#### [INSTRUCTIONS TO FOLLOW]
Go to the line containing "Karta Skulpturer Boras.Lista" in the records below and retype from there through the final line, exactly.

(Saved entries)
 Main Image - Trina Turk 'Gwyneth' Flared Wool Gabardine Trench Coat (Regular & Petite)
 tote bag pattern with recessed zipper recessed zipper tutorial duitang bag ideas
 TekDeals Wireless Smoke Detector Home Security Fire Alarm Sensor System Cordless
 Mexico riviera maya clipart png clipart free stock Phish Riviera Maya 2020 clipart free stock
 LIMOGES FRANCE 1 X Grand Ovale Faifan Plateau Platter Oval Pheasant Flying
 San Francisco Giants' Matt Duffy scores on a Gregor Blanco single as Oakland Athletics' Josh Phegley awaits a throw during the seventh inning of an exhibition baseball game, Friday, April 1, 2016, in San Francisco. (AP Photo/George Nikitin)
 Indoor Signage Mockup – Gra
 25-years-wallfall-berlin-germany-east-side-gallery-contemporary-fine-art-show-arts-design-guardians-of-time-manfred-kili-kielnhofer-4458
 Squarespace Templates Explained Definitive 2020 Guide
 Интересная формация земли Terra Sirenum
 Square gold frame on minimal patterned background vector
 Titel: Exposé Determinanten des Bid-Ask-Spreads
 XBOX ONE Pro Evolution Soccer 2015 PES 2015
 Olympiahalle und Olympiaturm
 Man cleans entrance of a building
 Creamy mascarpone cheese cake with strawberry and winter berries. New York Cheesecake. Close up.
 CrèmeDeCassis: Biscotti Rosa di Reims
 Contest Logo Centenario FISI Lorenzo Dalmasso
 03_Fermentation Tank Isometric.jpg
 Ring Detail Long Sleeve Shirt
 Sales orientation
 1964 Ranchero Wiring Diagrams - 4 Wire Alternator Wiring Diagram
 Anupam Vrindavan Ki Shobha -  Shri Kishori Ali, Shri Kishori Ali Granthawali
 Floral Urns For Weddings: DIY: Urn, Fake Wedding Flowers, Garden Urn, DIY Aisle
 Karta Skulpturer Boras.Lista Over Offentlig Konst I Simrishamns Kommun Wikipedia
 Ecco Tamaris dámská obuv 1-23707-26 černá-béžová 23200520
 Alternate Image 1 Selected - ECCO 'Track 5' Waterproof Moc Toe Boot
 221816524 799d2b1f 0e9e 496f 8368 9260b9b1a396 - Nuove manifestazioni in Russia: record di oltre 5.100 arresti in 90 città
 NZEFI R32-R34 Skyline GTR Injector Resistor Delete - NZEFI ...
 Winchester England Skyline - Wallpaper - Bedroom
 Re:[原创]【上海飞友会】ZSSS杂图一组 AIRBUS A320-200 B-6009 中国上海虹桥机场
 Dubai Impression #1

#### [TASK RESPONSE]
 Karta Skulpturer Boras.Lista Over Offentlig Konst I Simrishamns Kommun Wikipedia
 Ecco Tamaris dámská obuv 1-23707-26 černá-béžová 23200520
 Alternate Image 1 Selected - ECCO 'Track 5' Waterproof Moc Toe Boot
 221816524 799d2b1f 0e9e 496f 8368 9260b9b1a396 - Nuove manifestazioni in Russia: record di oltre 5.100 arresti in 90 città
 NZEFI R32-R34 Skyline GTR Injector Resistor Delete - NZEFI ...
 Winchester England Skyline - Wallpaper - Bedroom
 Re:[原创]【上海飞友会】ZSSS杂图一组 AIRBUS A320-200 B-6009 中国上海虹桥机场
 Dubai Impression #1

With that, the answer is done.